Бато Дугаржапов: Да, мечтал.

Дмитрий Кириллов: Ярчайшее детское впечатление – это Ленин, нарисованный на стене в школе.

Бато Дугаржапов: Кстати, да. Я во 2 классе выбегал. А там художники стоят взрослые и красят трехметровую картину – «Ульянов во ржи».

Дмитрий Кириллов: В 12 лет мама вас отправила в Москву. Вы уже в том возрасте понимали, что будете всемирно известным художником?

Бато Дугаржапов: Нет, конечно. Мне нравилось, что куда-то отправили.

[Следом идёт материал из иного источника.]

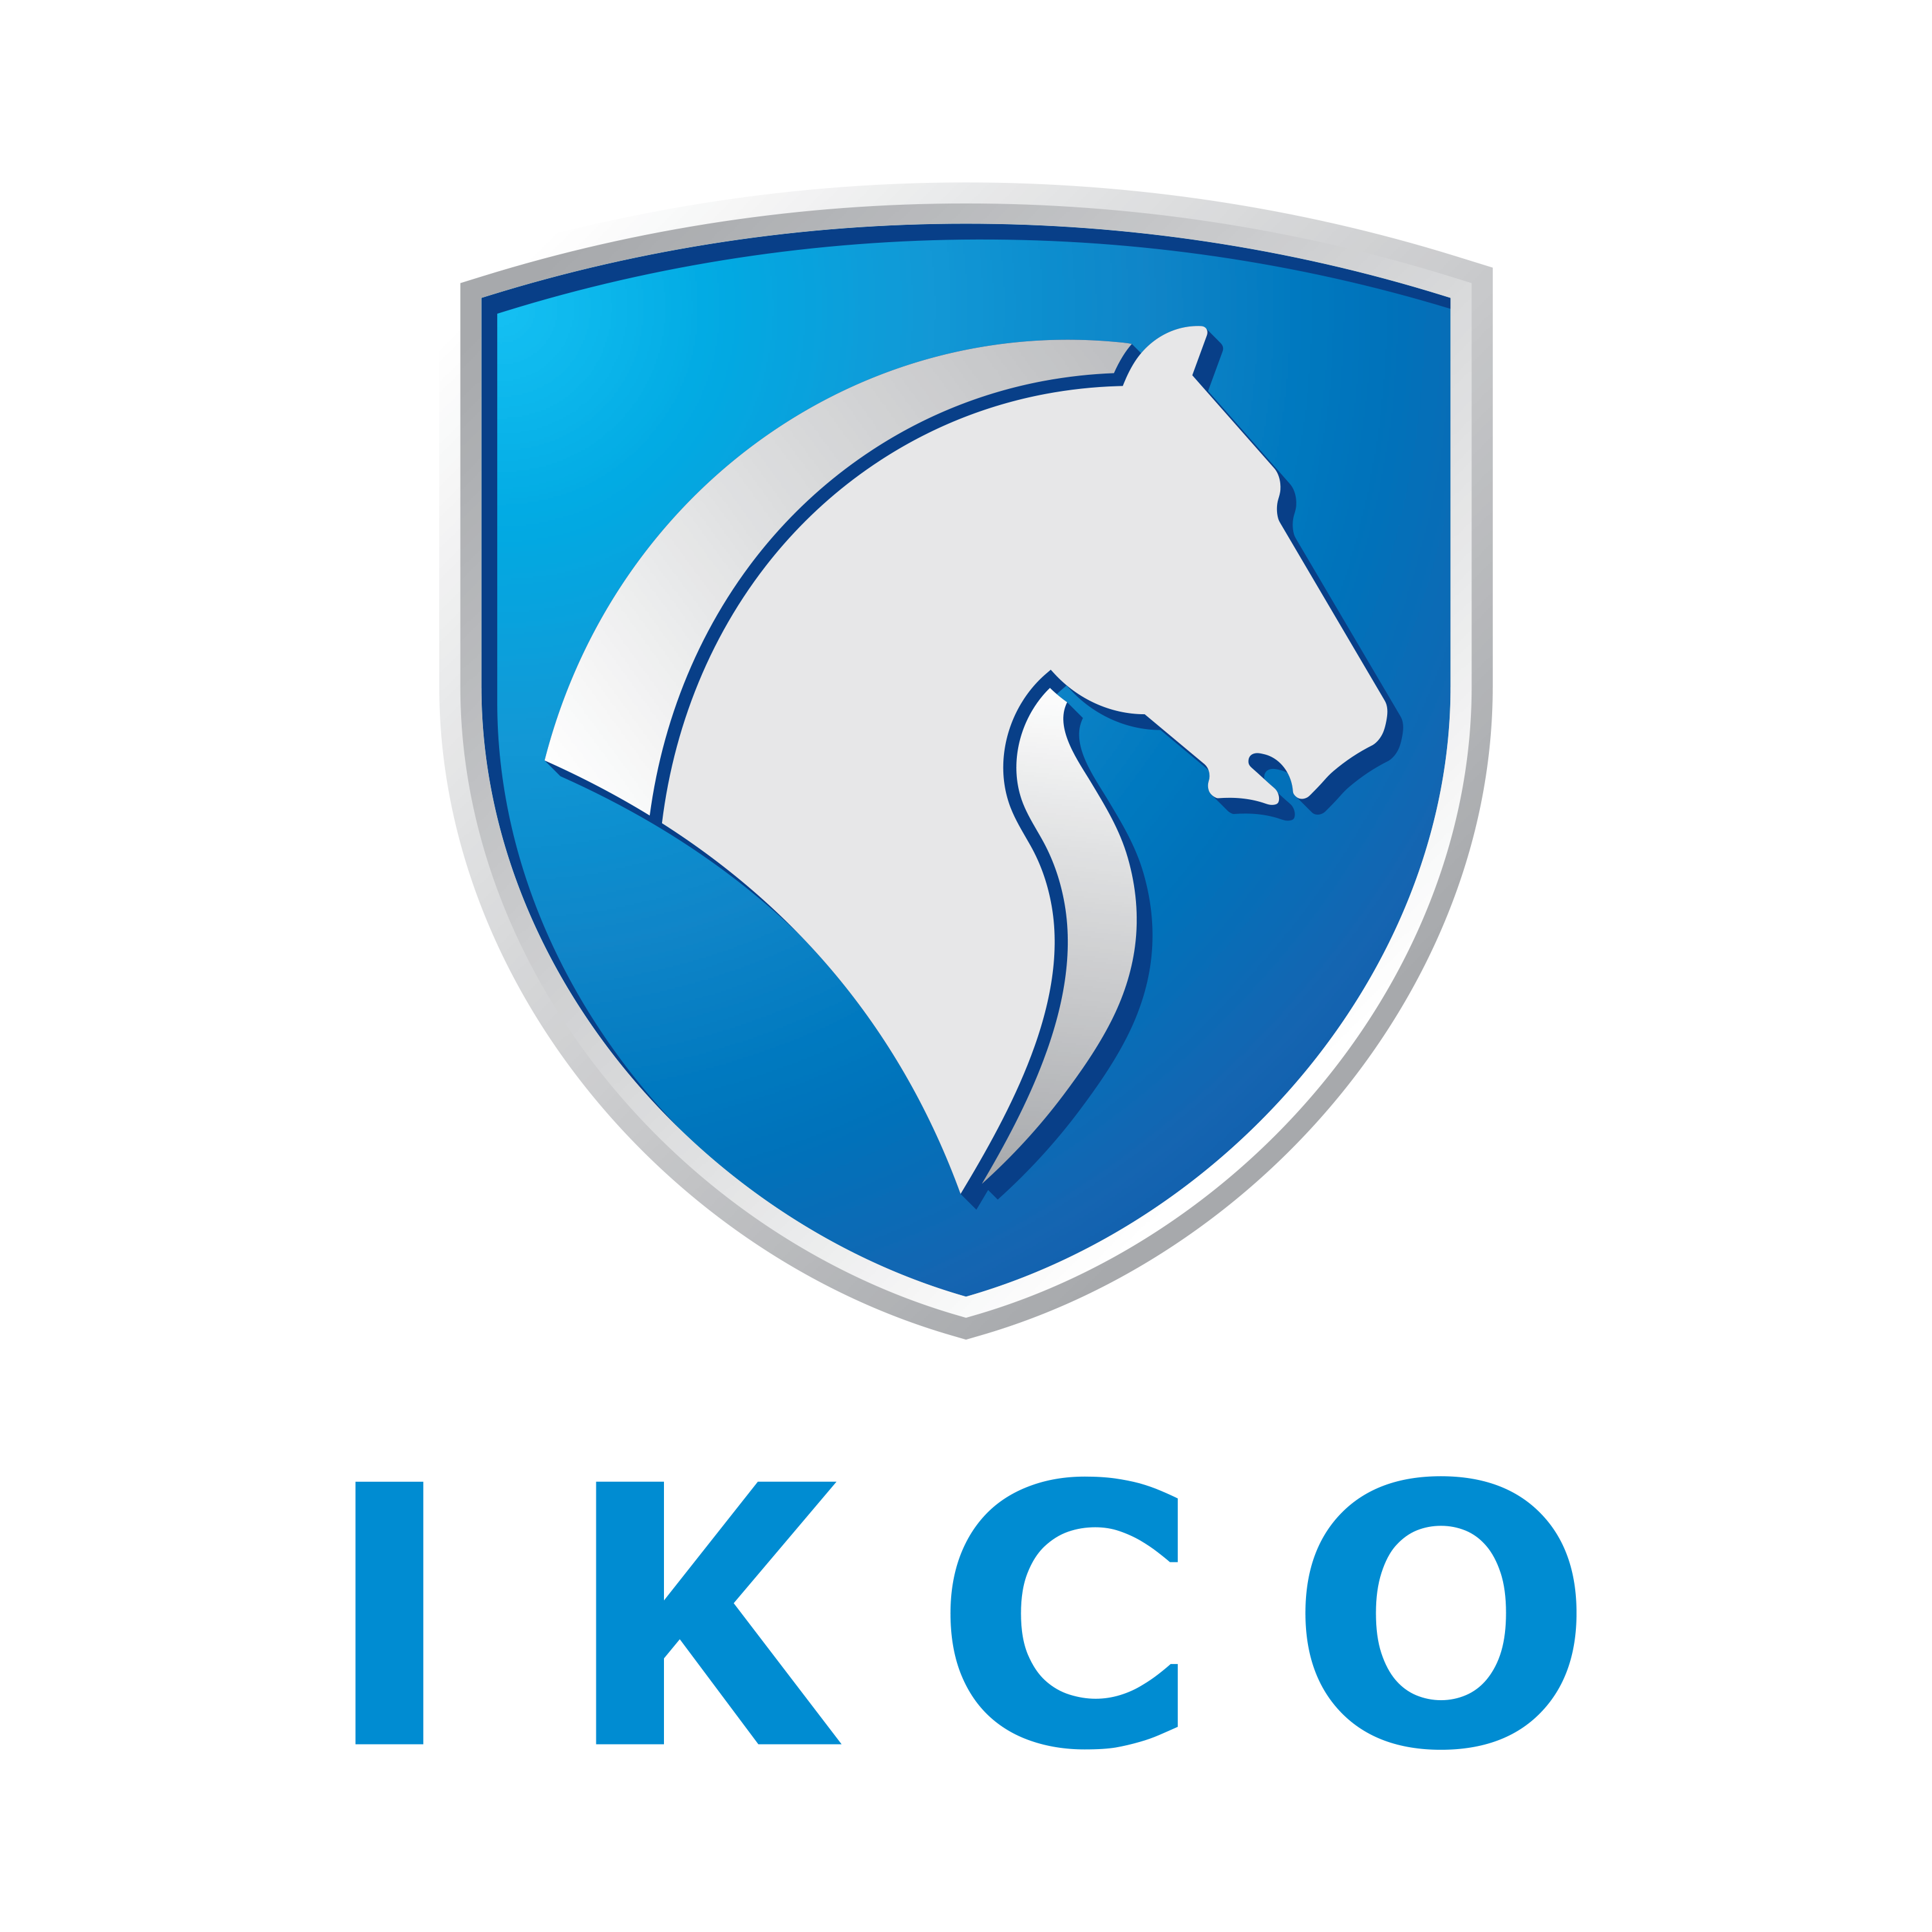 Машина с лошадью на эмблеме. Iran Khodro logo. Iran Khodro (IKCO). Iran Khodro Samand значок авто. Авто с лошадью на эмблеме.

Родителям сказали, что они сумасшедшие.

Дмитрий Кириллов: Вы бережно храните свои юношеские работы?

Бато Дугаржапов: Я половину сжег, конечно. А то, что осталось, остается беречь.

Дмитрий Кириллов: Знатоки рынка утверждают, что солнечные и радостные картины продаются гораздо быстрее, чем печальные и серые.

Бато Дугаржапов: Где-то 70% на 30%, в таком соотношении.

Дмитрий Кириллов: Роспись купола Храма Христа Спасителя – для вас это знаковое событие в жизни?

Бато Дугаржапов: Да, крупнейшее.

Дмитрий Кириллов: У вас имеются награды от святейшего Патриарха Алексия II?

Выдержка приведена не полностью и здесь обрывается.